The response should repeat word for word every line below from the one with "Juke Box Dark" to the one with "Xxx nude batgirl porn fucks picture", inclusive, and nothing else; leave pictures out.

Provided data:
--------------------------------

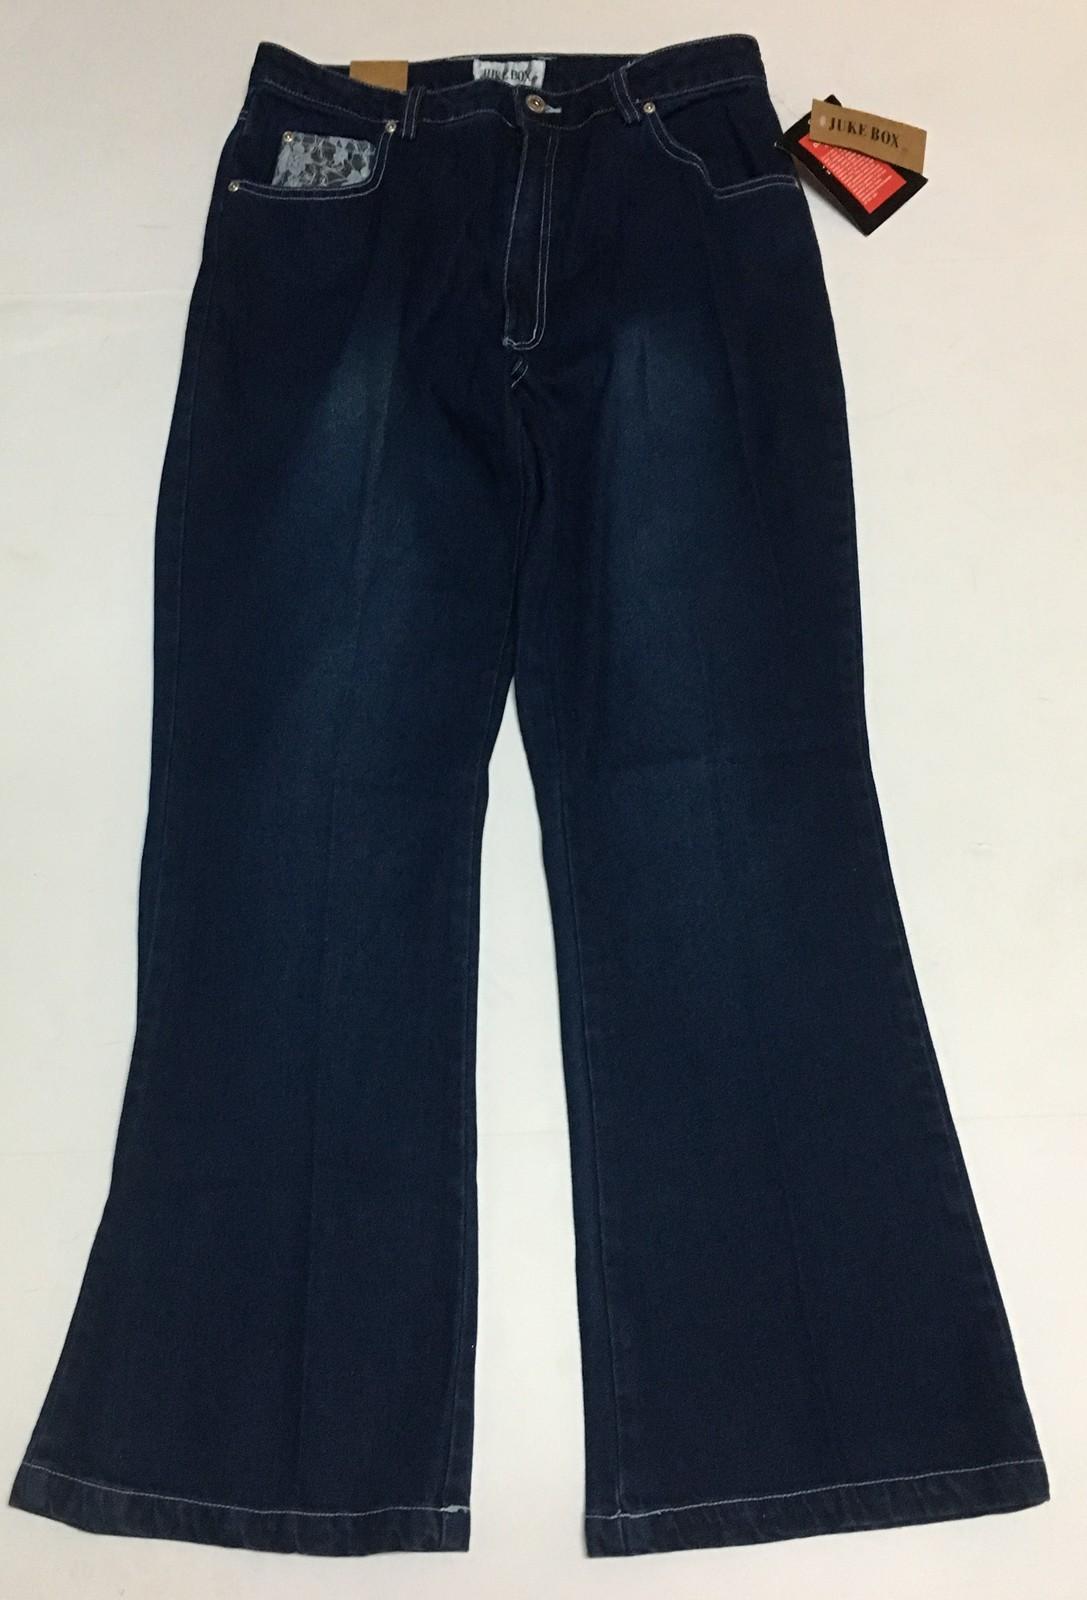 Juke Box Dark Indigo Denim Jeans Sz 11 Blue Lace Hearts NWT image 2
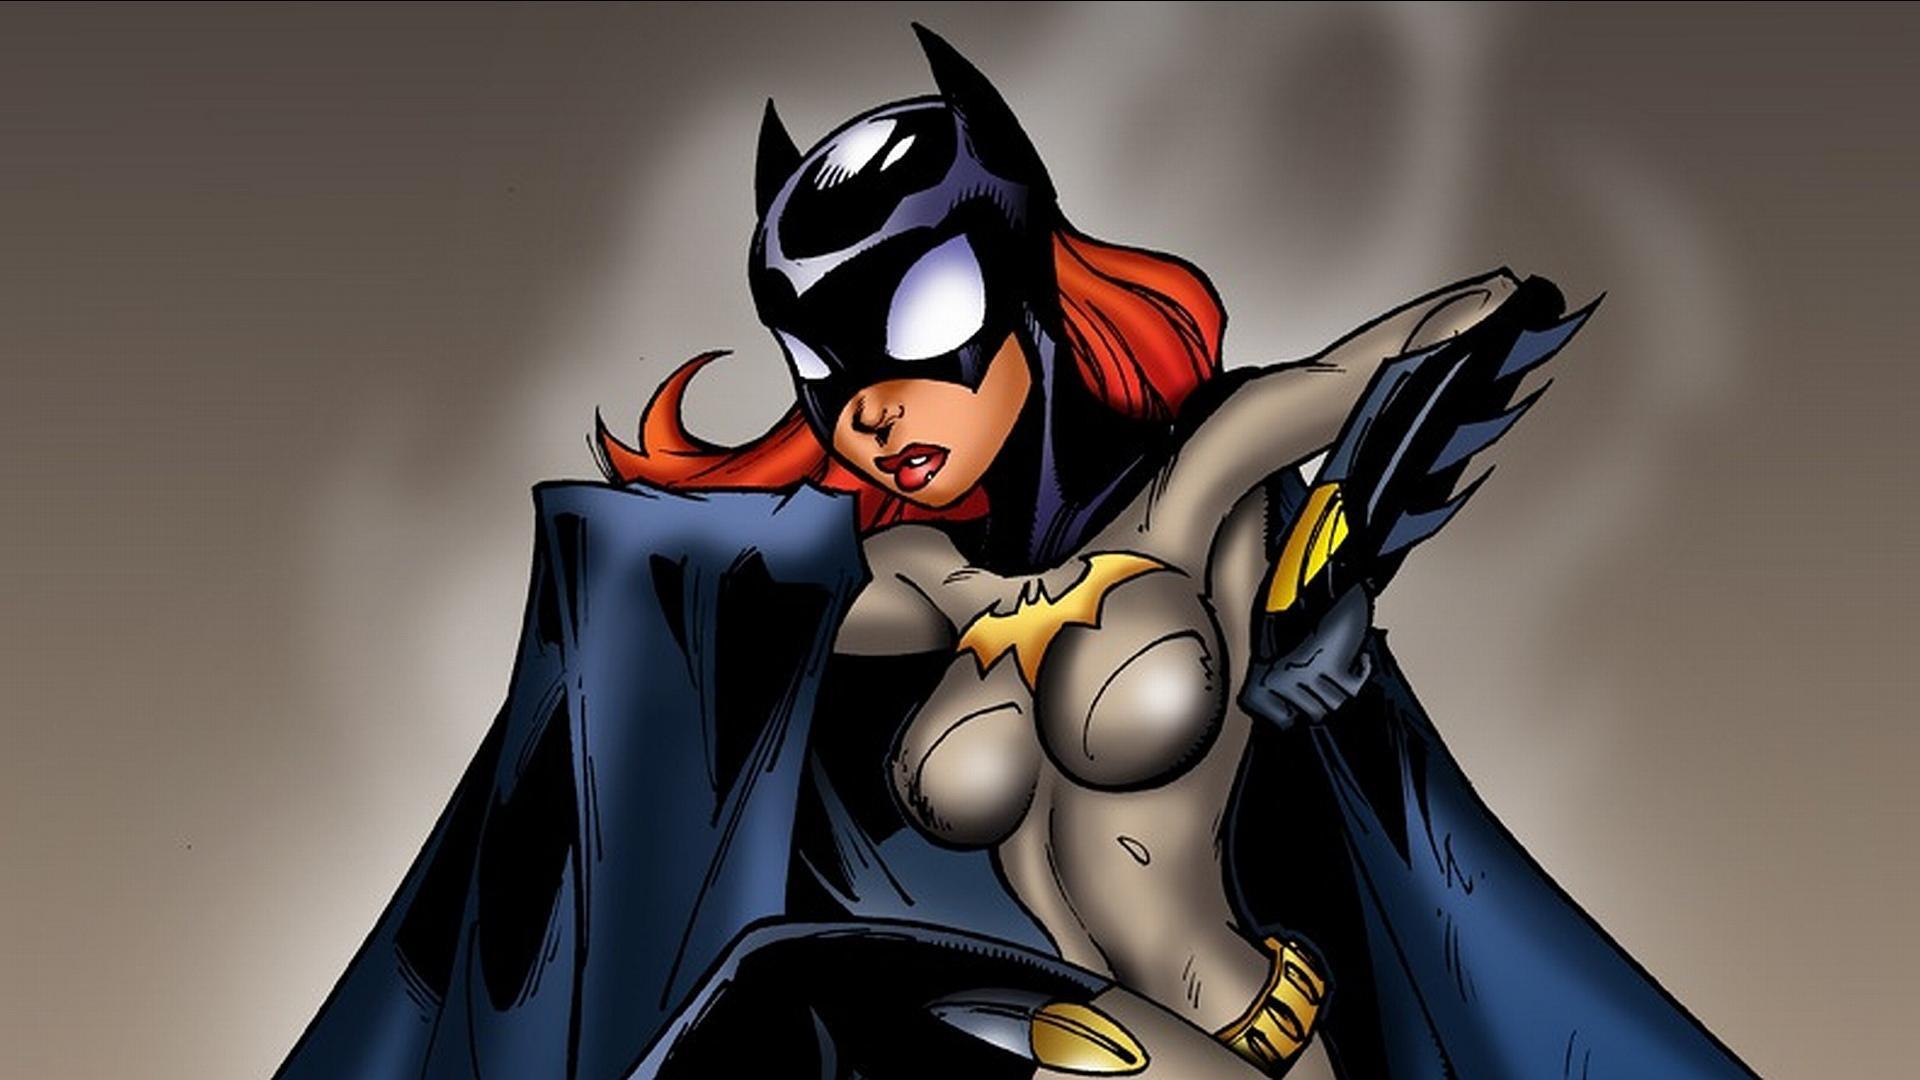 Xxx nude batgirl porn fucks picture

--------------------------------

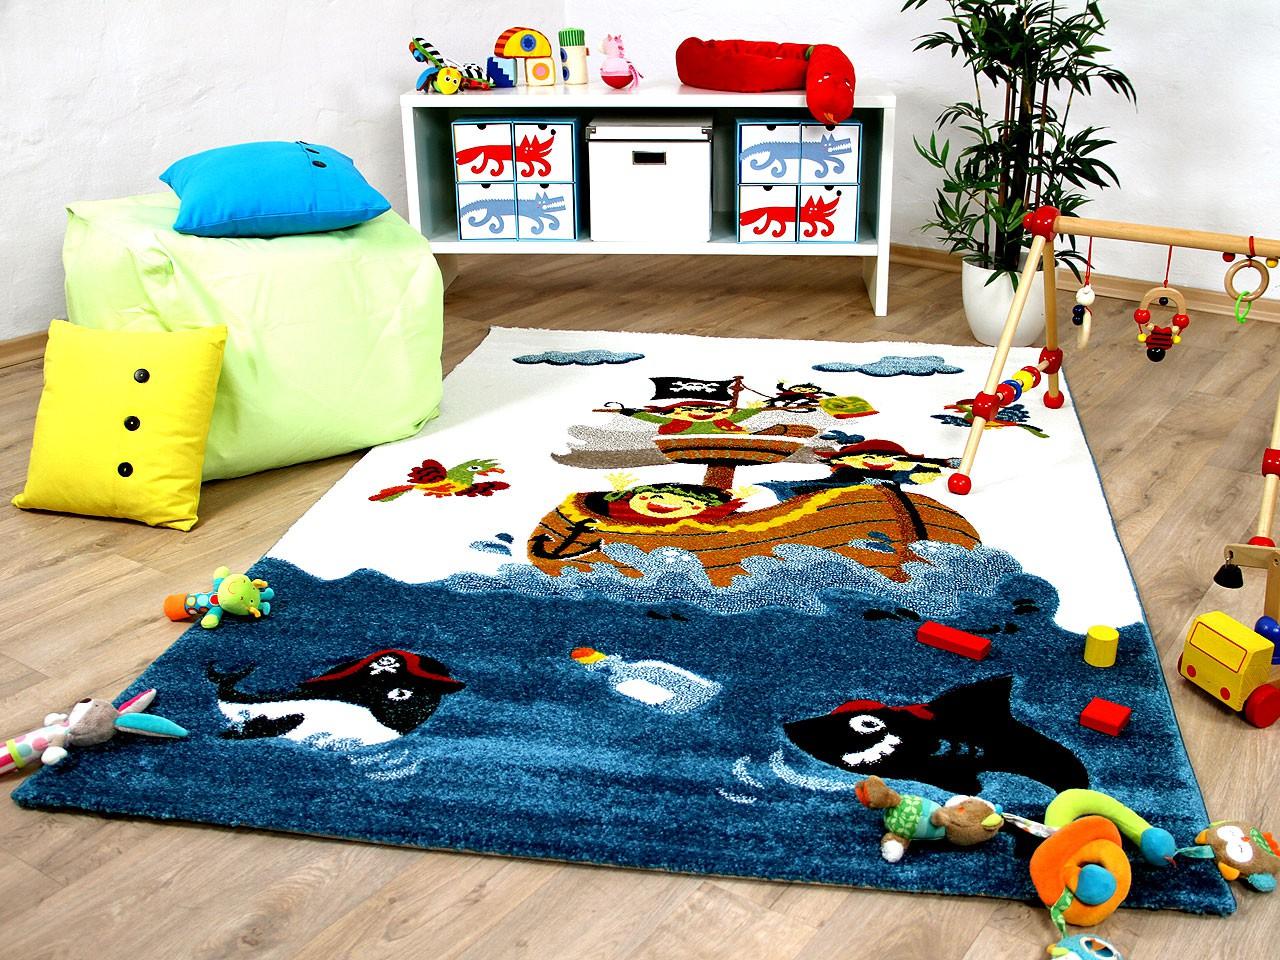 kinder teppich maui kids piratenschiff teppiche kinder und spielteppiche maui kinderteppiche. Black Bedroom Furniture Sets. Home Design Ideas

--------------------------------

Answer section:
 Juke Box Dark Indigo Denim Jeans Sz 11 Blue Lace Hearts NWT image 2
 Xxx nude batgirl porn fucks picture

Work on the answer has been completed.